[Matrix-SIG] Fast sorting many lists together...?
William Park
parkw@better.net
Fri, 15 Sep 2000 14:48:10 -0400
On Fri, Sep 15, 2000 at 11:08:53AM -0600, Tim Hochberg wrote:
>
> > I need to sort about 50 lists (each about 500 elements) together,
> > using few of them as keys. That is, sort the key lists first; look
> > at which indexes have changed; then, shuffle the rest of list to
> > reflect this new order.
> >
> > Does anyone know a fast fast routine for doing this?
>
> You probably have to give more details about the way you are using
> multiple lists as keys in order to get a complete response. However,
> if you have created a single list of keys, you can do something like.

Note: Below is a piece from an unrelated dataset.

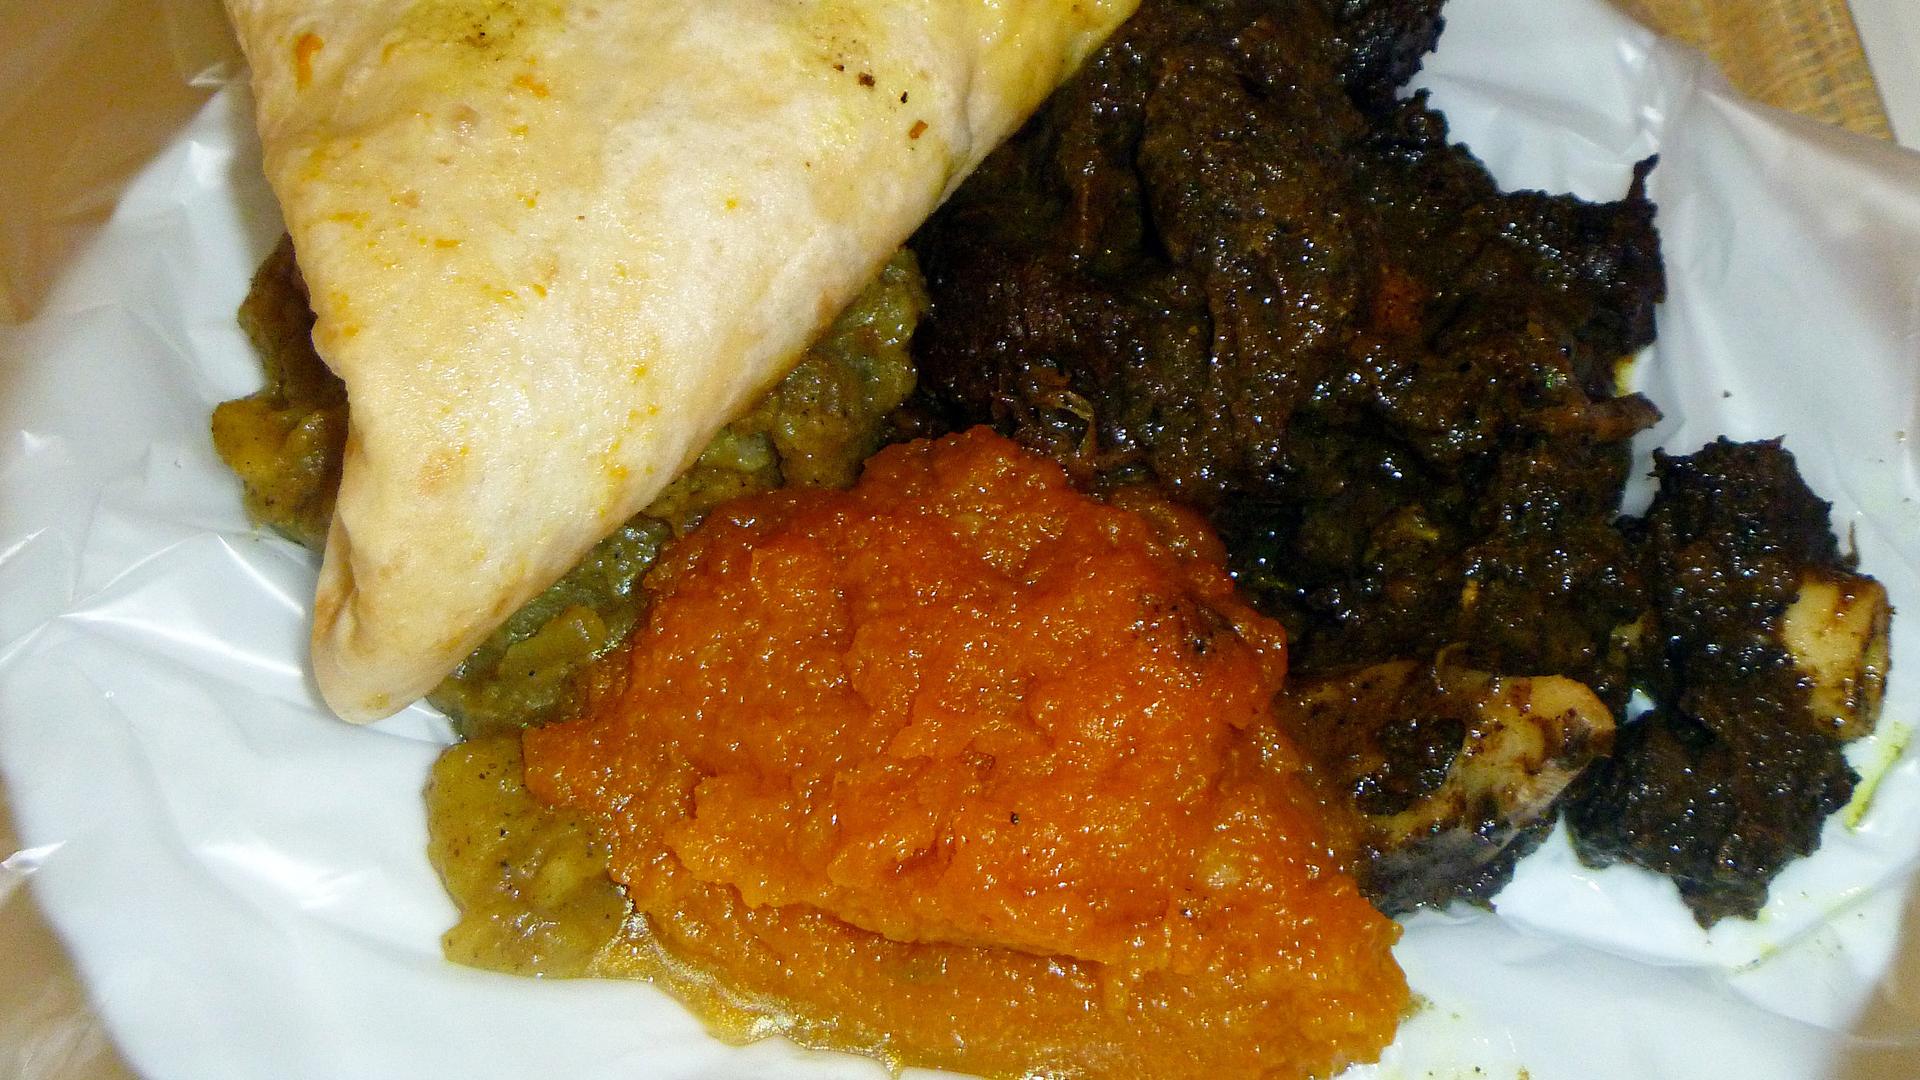 Dhalpurie roti served with pumpkin, potato and goat meat curry.

What I have is a table where "columns" are the lists and "rows" are the
elements of the lists. So,
x y z ... <-- list names
1 4 0 <-- i=0, ie. first elements
1 3 2
. . .
The problem is similar to sorting lines using Unix 'sort' command with
'field' options, like
sort -n -k 1,1 -k 3,3
which means sort by x[i] first, and to break the ties, sort by z[i].
So, what I do is... I create list of tuple and sort them
i = range(N) # N = length of lists
a = [(x[0],z[0],i[0]), (x[1],z[1],i[1]), ...]
a.sort()
and I recover the index,
index = []
for i in a:
index.append(z[i][-1])
Then, I shuffle every list according to this new index order.
> args = Numeric.argsort(keys)
> keys = Numeric.take(keys, args) # Sort the keys
> list1 = Numeric.take(list1, args) # Sort list 1
> list2 = Numeric.take(list2, args) # Sort list 2
> #....
>
> -tim
I'm not familiar with NumPy. Does your code does this? Also, my lists
mostly contain number, but do have None to denote missing data.
--William